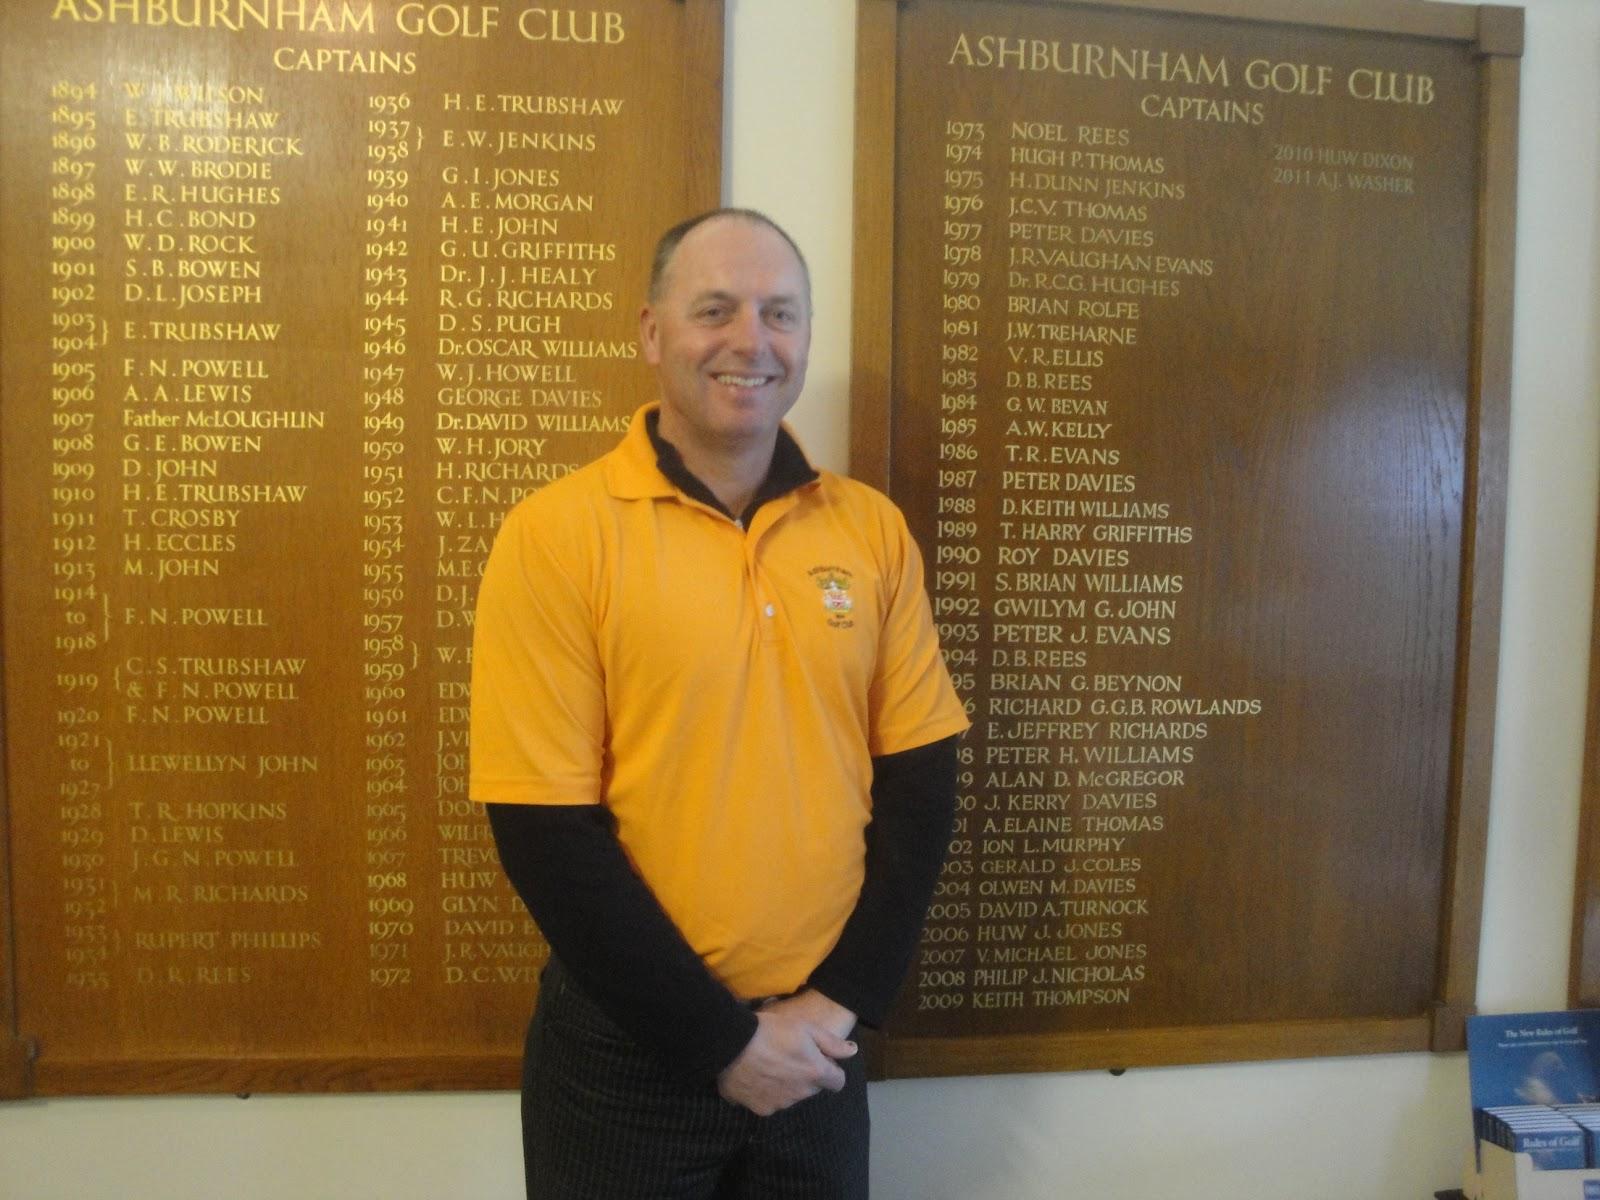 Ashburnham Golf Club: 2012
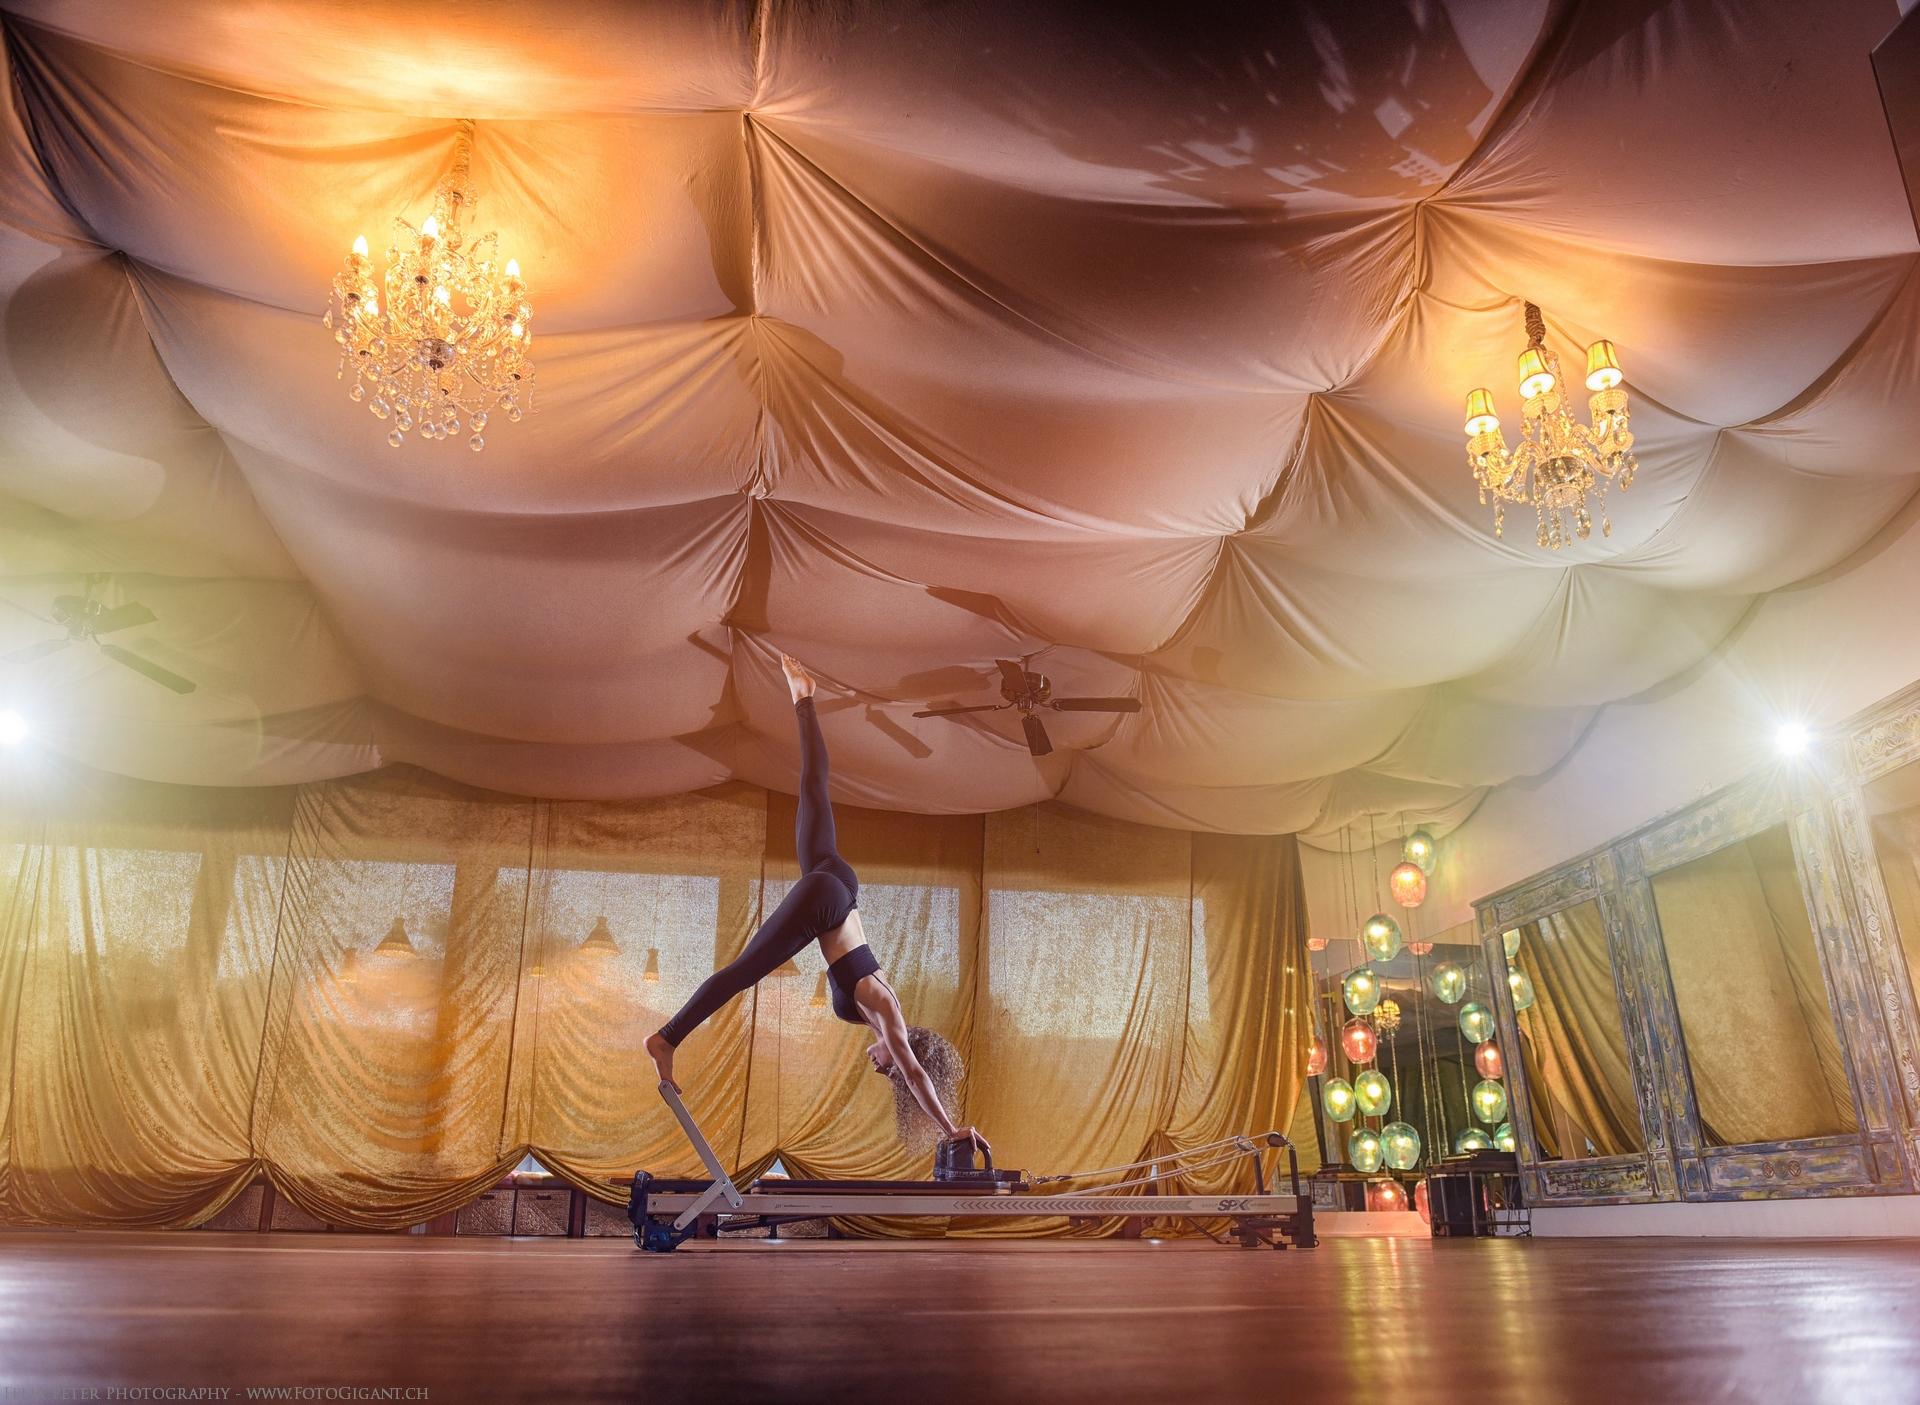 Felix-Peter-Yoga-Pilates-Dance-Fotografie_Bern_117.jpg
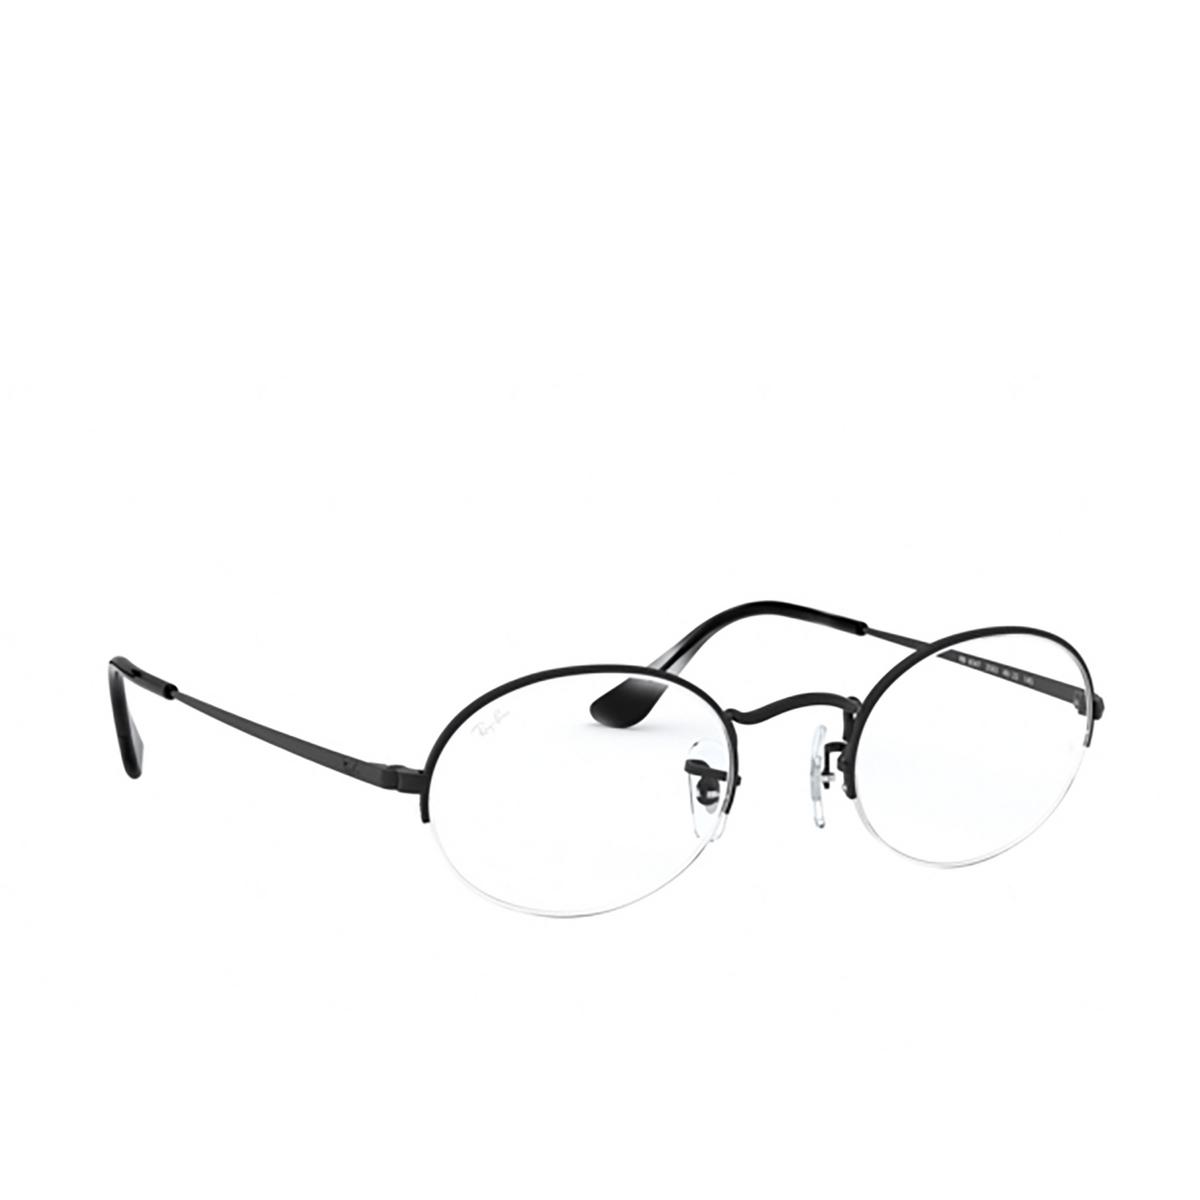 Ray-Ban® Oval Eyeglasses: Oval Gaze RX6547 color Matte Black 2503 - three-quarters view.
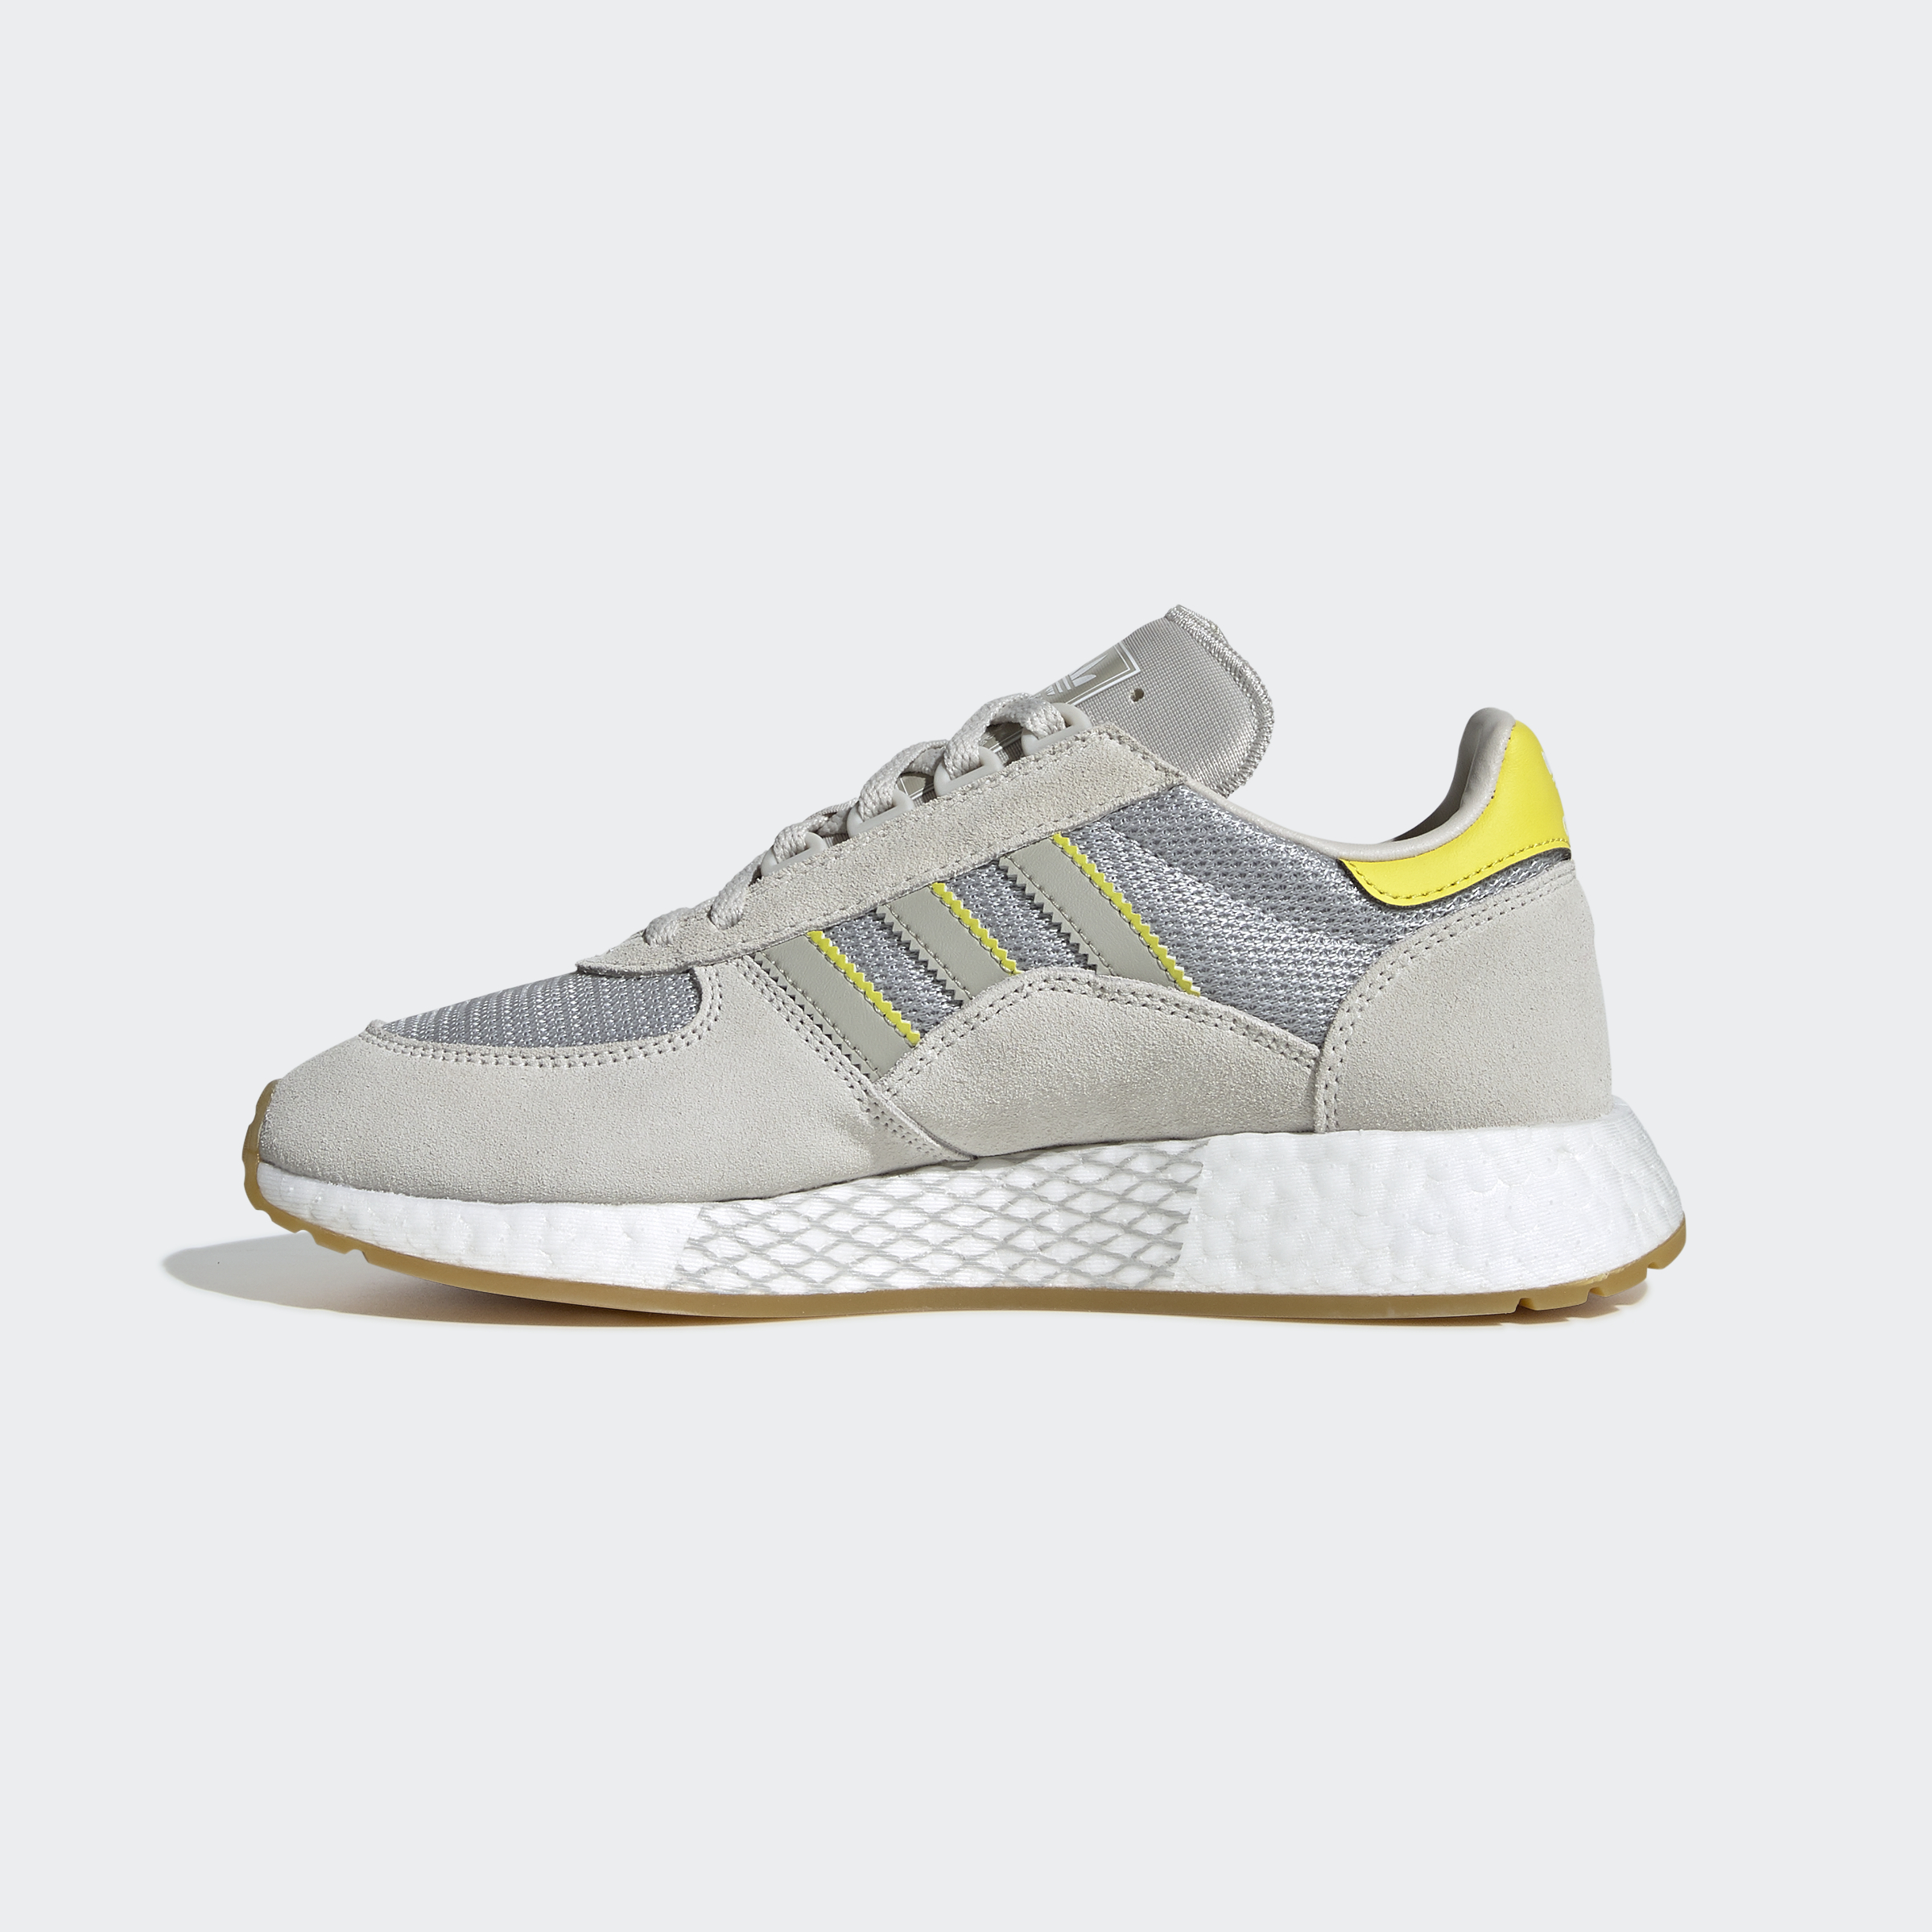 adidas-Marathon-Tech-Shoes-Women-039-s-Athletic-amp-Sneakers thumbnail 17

> WORK REQUIRED: An exact reproduction of the material is needed, without its images.

> EXERCISE RESPONSE:
 Ashburnham Golf Club: 2012
 Felix-Peter-Yoga-Pilates-Dance-Fotografie_Bern_117.jpg
 Ray-Ban® Oval Eyeglasses: Oval Gaze RX6547 color Matte Black 2503 - three-quarters view.
 adidas-Marathon-Tech-Shoes-Women-039-s-Athletic-amp-Sneakers thumbnail 17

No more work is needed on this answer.